#### [DATA UNDER STUDY]

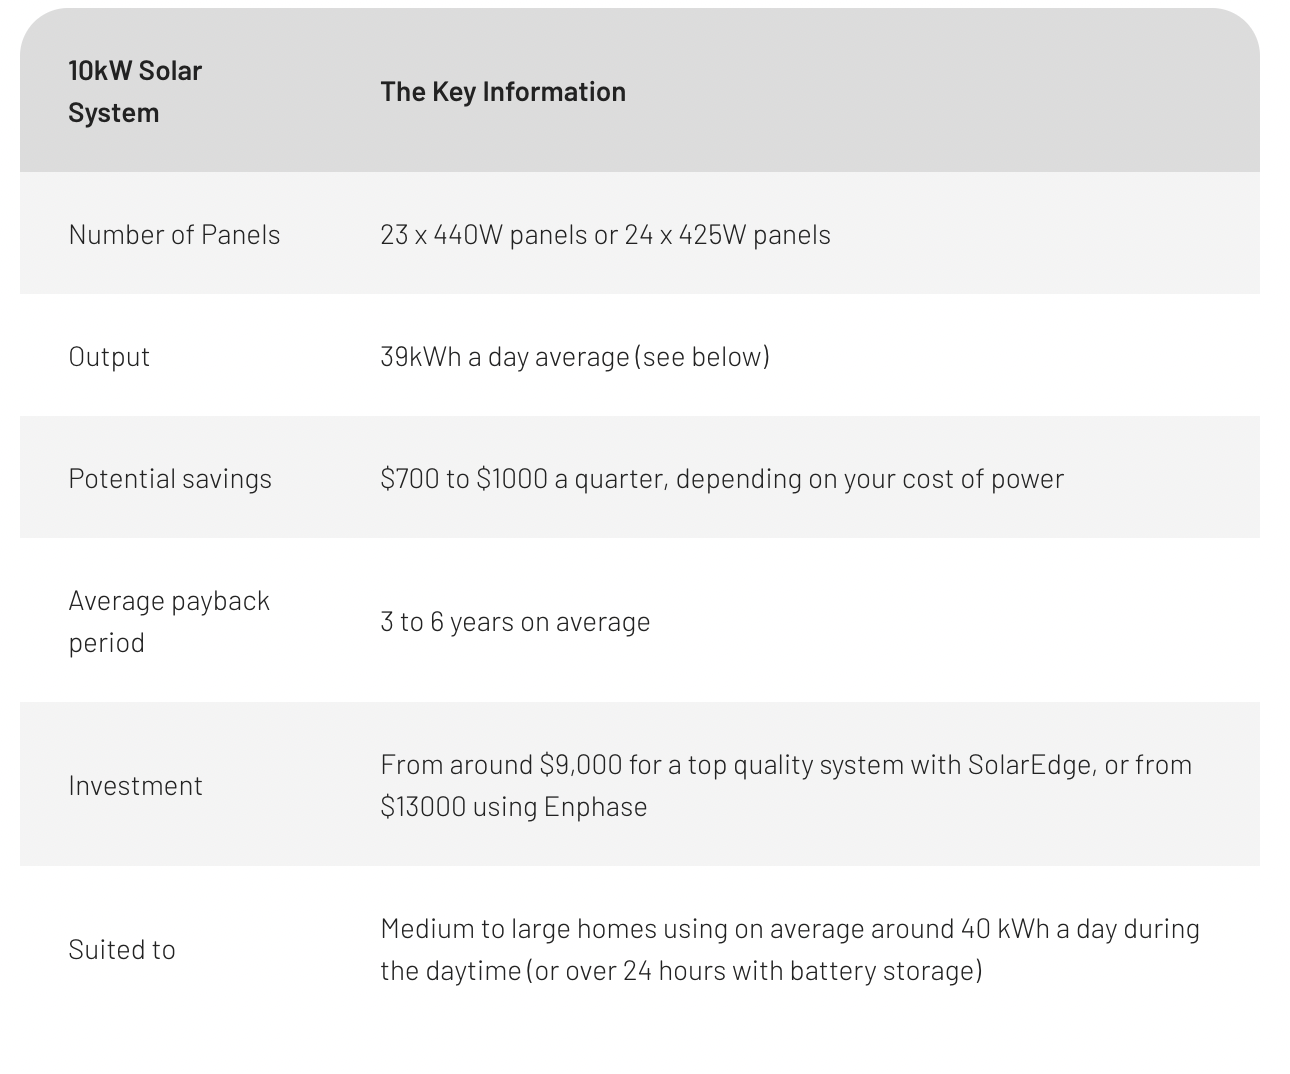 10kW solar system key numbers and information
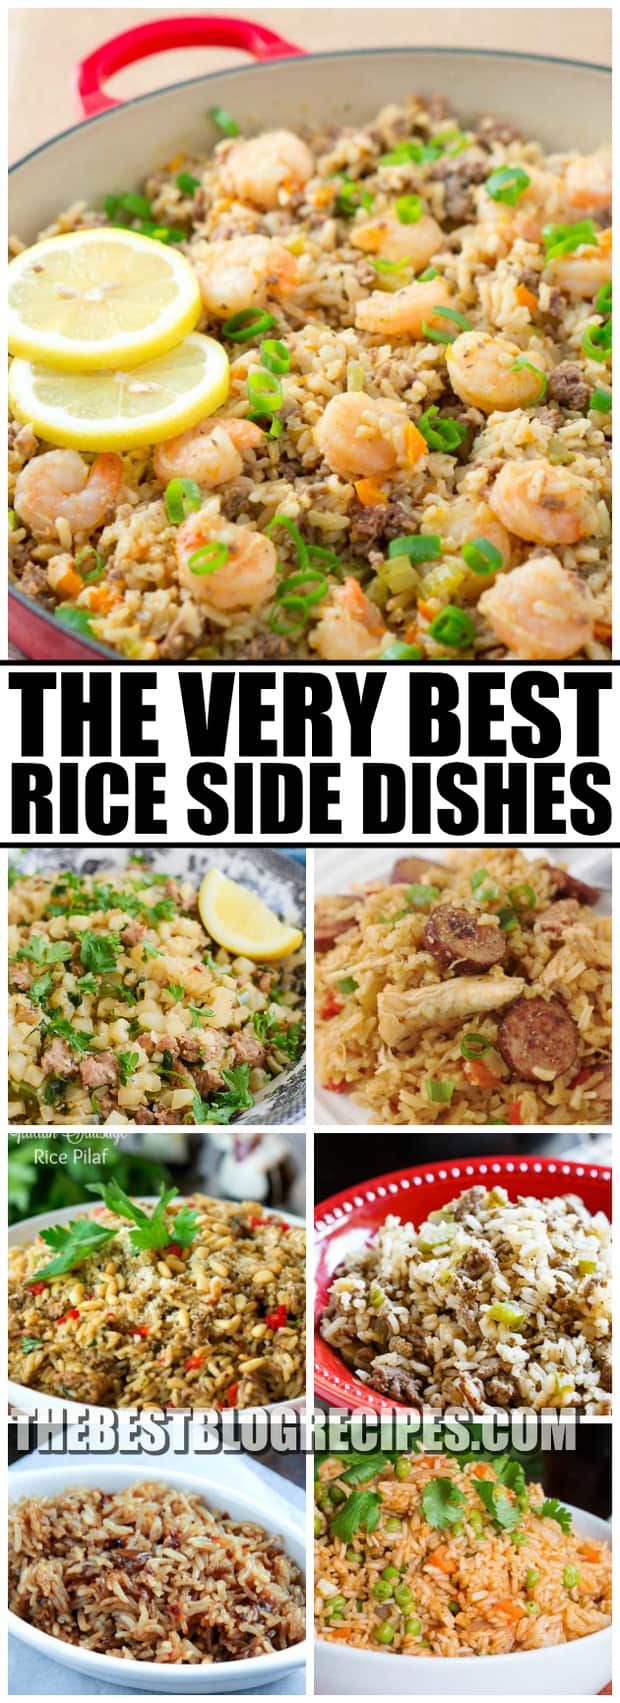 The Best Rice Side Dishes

--

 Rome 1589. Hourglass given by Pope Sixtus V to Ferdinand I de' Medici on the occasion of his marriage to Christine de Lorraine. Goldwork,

...

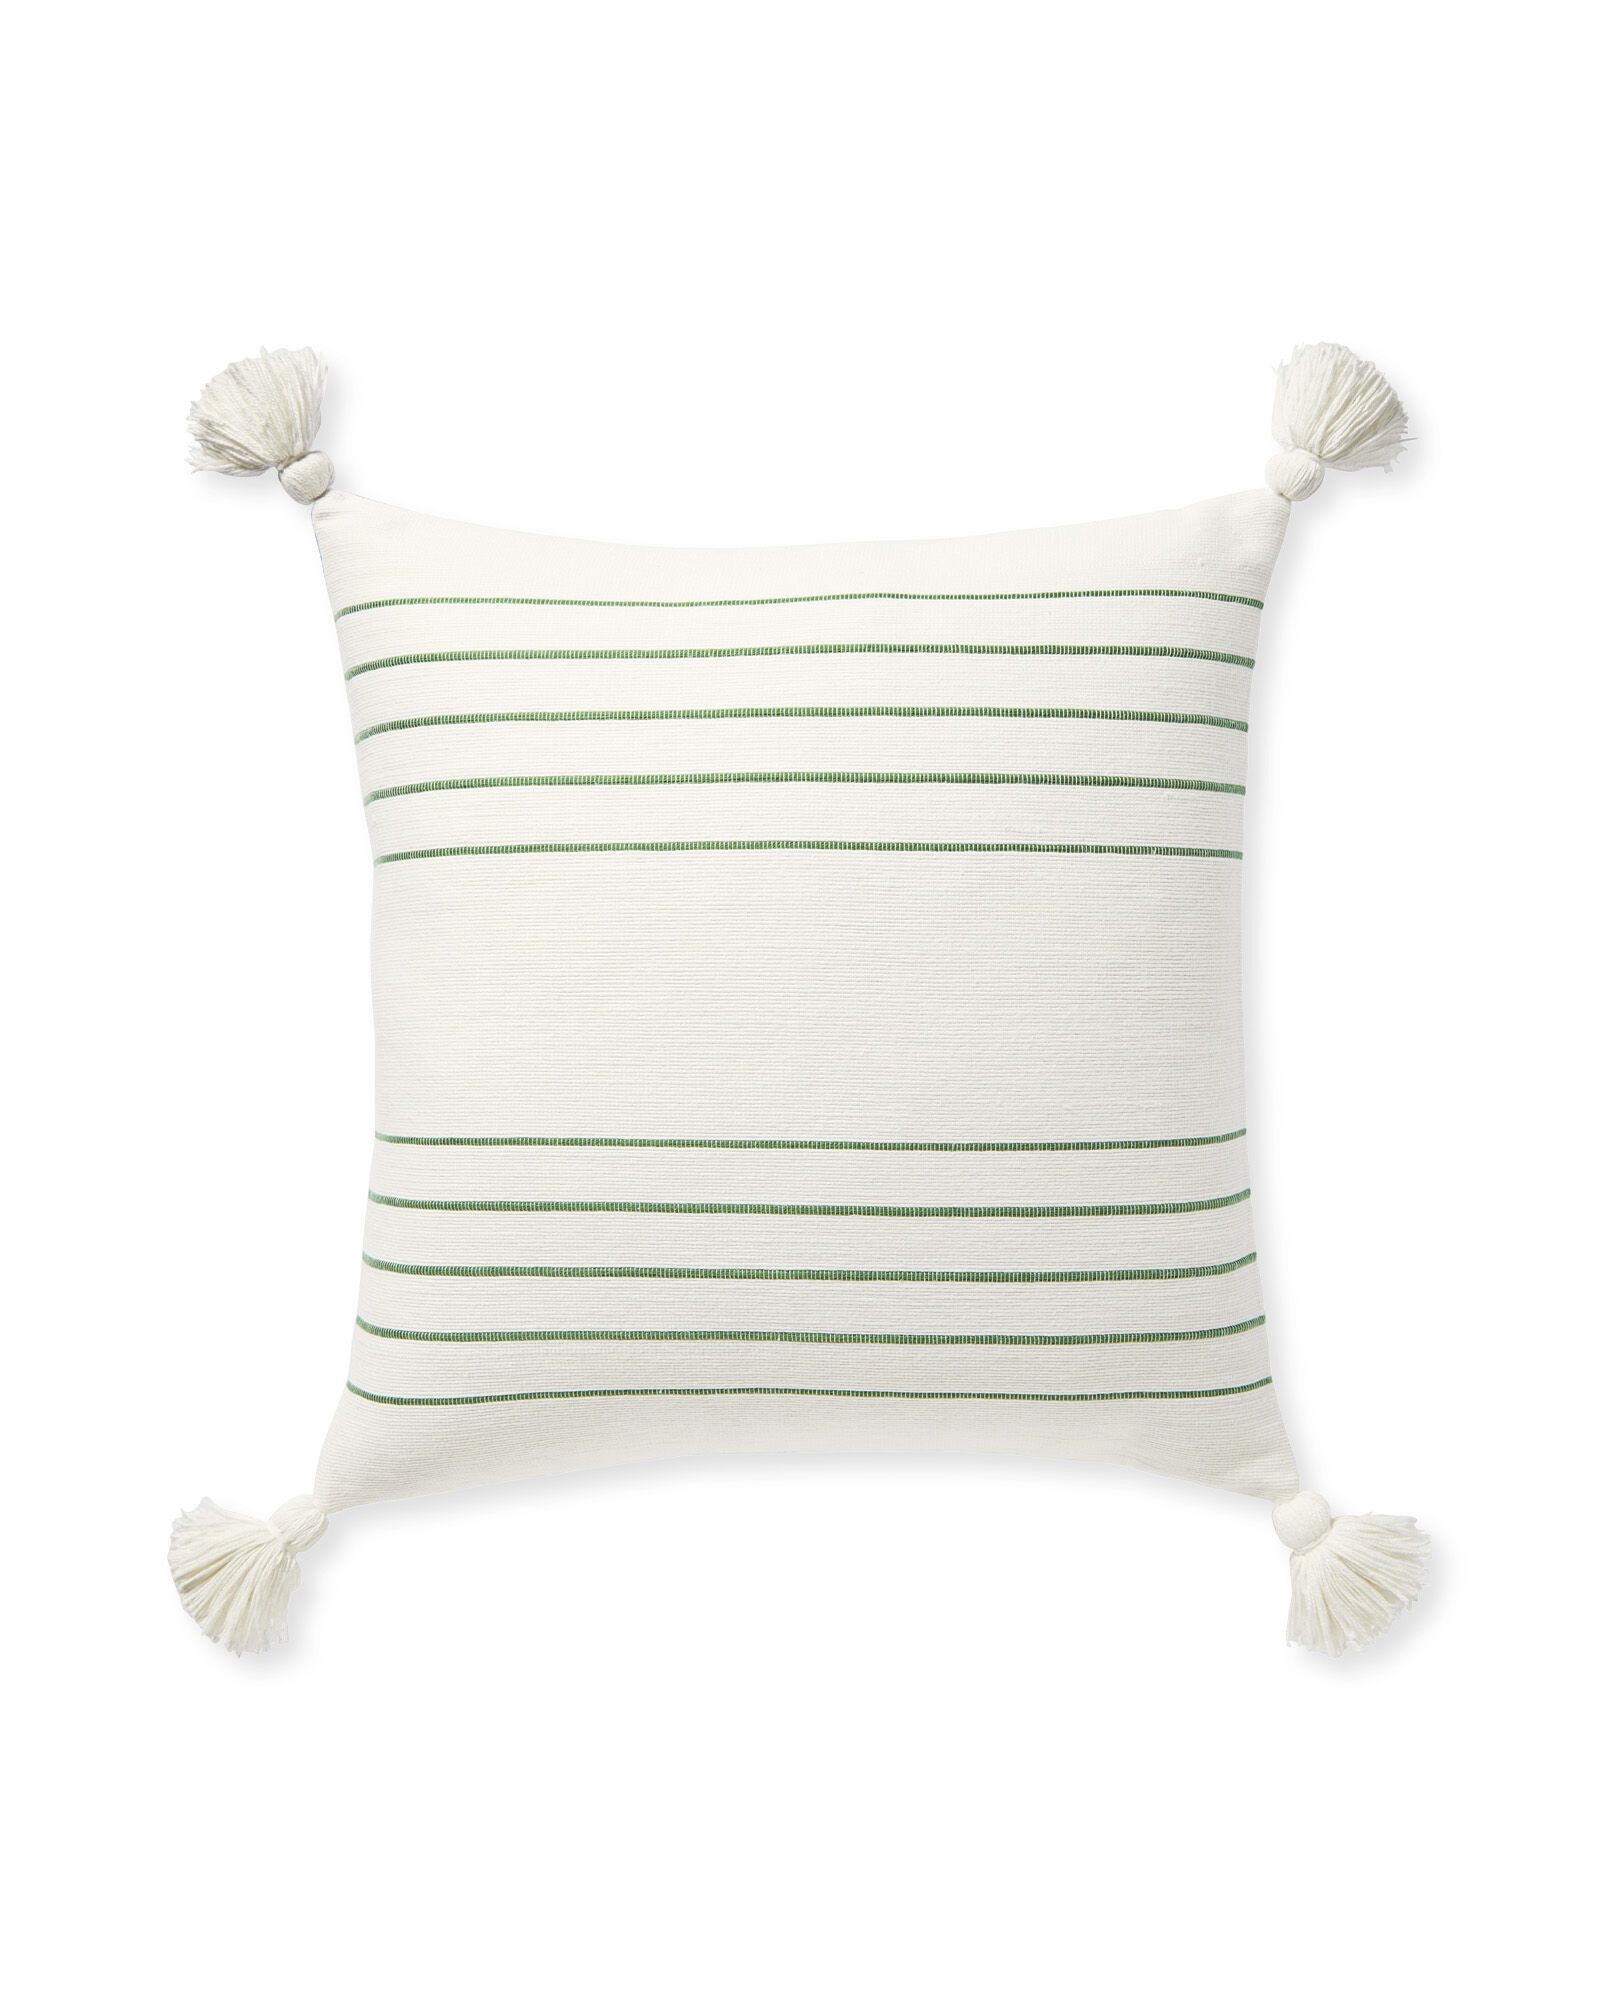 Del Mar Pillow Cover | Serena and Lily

#### [EXERCISE DESCRIPTION]
Above is the material; set down exactly its lines from the one containing "10kW solar system" down to the one containing "The Best Rice Side Dishes", both included, leaving out any pictures.

#### [TASK RESULT]
 10kW solar system key numbers and information
 The Best Rice Side Dishes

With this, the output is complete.